Nov 24 06:05:06 divine-meadow netdata[6290]: NETDATA SHUTDOWN: in 0 ms, remove pid file - next: free openssl stru
Nov 24 06:05:06 divine-meadow netdata[6290]: NETDATA SHUTDOWN: in 0 ms, free openssl structures - next: remove in
Nov 24 06:05:06 divine-meadow netdata[6290]: NETDATA SHUTDOWN: in 0 ms, remove incomplete shutdown file - next: e>Nov 24 06:05:06 divine-meadow netdata[6290]: NETDATA SHUTDOWN: completed in 100 ms - netdata is now exiting - bye bye...
I’ll attach my parent and child configs.
I would like to receive some help with this issue, as I have the need to monitor my production environment.
[global]
access log = none
[db]
mode = dbengine
storage tiers = 3
# To allow memory pressure to offload index from ram
dbengine page descriptors in file mapped memory = yes
# storage tier 0
update every = 1
dbengine multihost disk space MB = 12000
dbengine page cache size MB = 1400
# storage tier 1
dbengine tier 1 page cache size MB = 512
dbengine tier 1 multihost disk space MB = 4096
dbengine tier 1 update every iterations = 60
dbengine tier 1 backfill = new
# storage tier 2
dbengine tier 2 page cache size MB = 128
dbengine tier 2 multihost disk space MB = 2048
dbengine tier 2 update every iterations = 60
dbengine tier 2 backfill = new
[ml]
# Enabled by default
# enabled = yes
[health]
# Enabled by default
# enabled = yes
[web]
# Enabled by default
ssl key = /etc/nginx/ssl/balmy-sunset.itpassion.watch/1985710/server.key
ssl certificate = /etc/nginx/ssl/balmy-sunset.itpassion.watch/1985710/server.crt
tls version = 1.3
tls ciphers = TLS_AES_256_GCM_SHA384:TLS_CHACHA20_POLY1305_SHA256:TLS_AES_128_GCM_SHA256
bind to = *=dashboard|registry|badges|management|streaming|netdata.conf^SSL=force
stream.conf:
[stream]
# Stream metrics to another Netdata
enabled = yes
# The Private IP and PORT of all parents
destination = PARENT_2_IP_ADDRESS:19999
# This is the API key for the outgoing connection to Parent 2 as generated in Step 5
api key = f2b6d8cf-4c88-431c-a3d5-f0225d5adeed
[f2b6d8cf-4c88-431c-a3d5-f0225d5adeed]
# Accept metrics streams from Parent 2 and Child Agents
enabled = yes
[db]
# https://learn.netdata.cloud/docs/agent/database
# none = no retention, ram = some retention in ram
mode = ram
# The retention in seconds.
# This provides some tolerance to the time the child has to find a parent in
# order to transfer the data.
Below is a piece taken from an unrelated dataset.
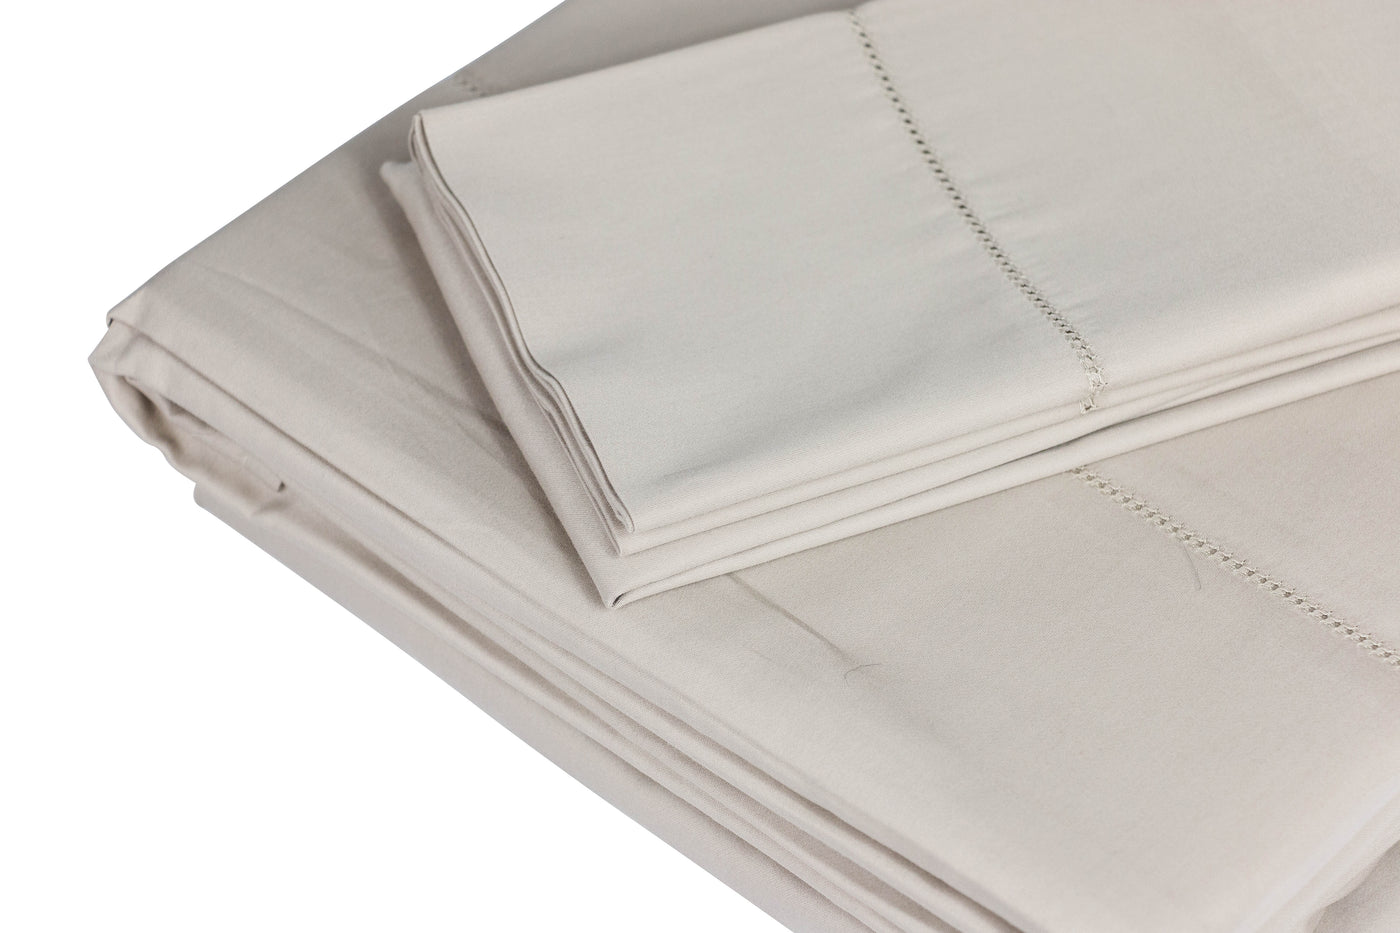 St. Pierre Cotton-Sateen Luxurious European Pillowcase Pair

For IoT this can be lowered to 120.
retention = 1200
# The granularity of metrics, in seconds.
# You may increase this to lower CPU resources.
update every = 1
[ml]
# Disable Machine Learning
enabled = no
[health]
# Disable Health Checks (Alerting)
enabled = no
[web]
# Disable remote access to the local dashboard
bind to = lo
[plugins]
# Uncomment the following line to disable all external plugins on extreme
# IoT cases by default.
# enable running new plugins = no
stream.conf:
[stream]
# Stream metrics to another Netdata
enabled = yes
# The IP and PORT of the parent
destination = d-fra1-mon0001p.itpassion.watch:19999
# The shared API key, generated by uuidgen
api key = f2b6d8cf-4c88-431c-a3d5-f0225d5adeed
Is there anybody in the community who could help me out with this, please? I’m surely not the first to try and make parent-child connections work even via TLS?!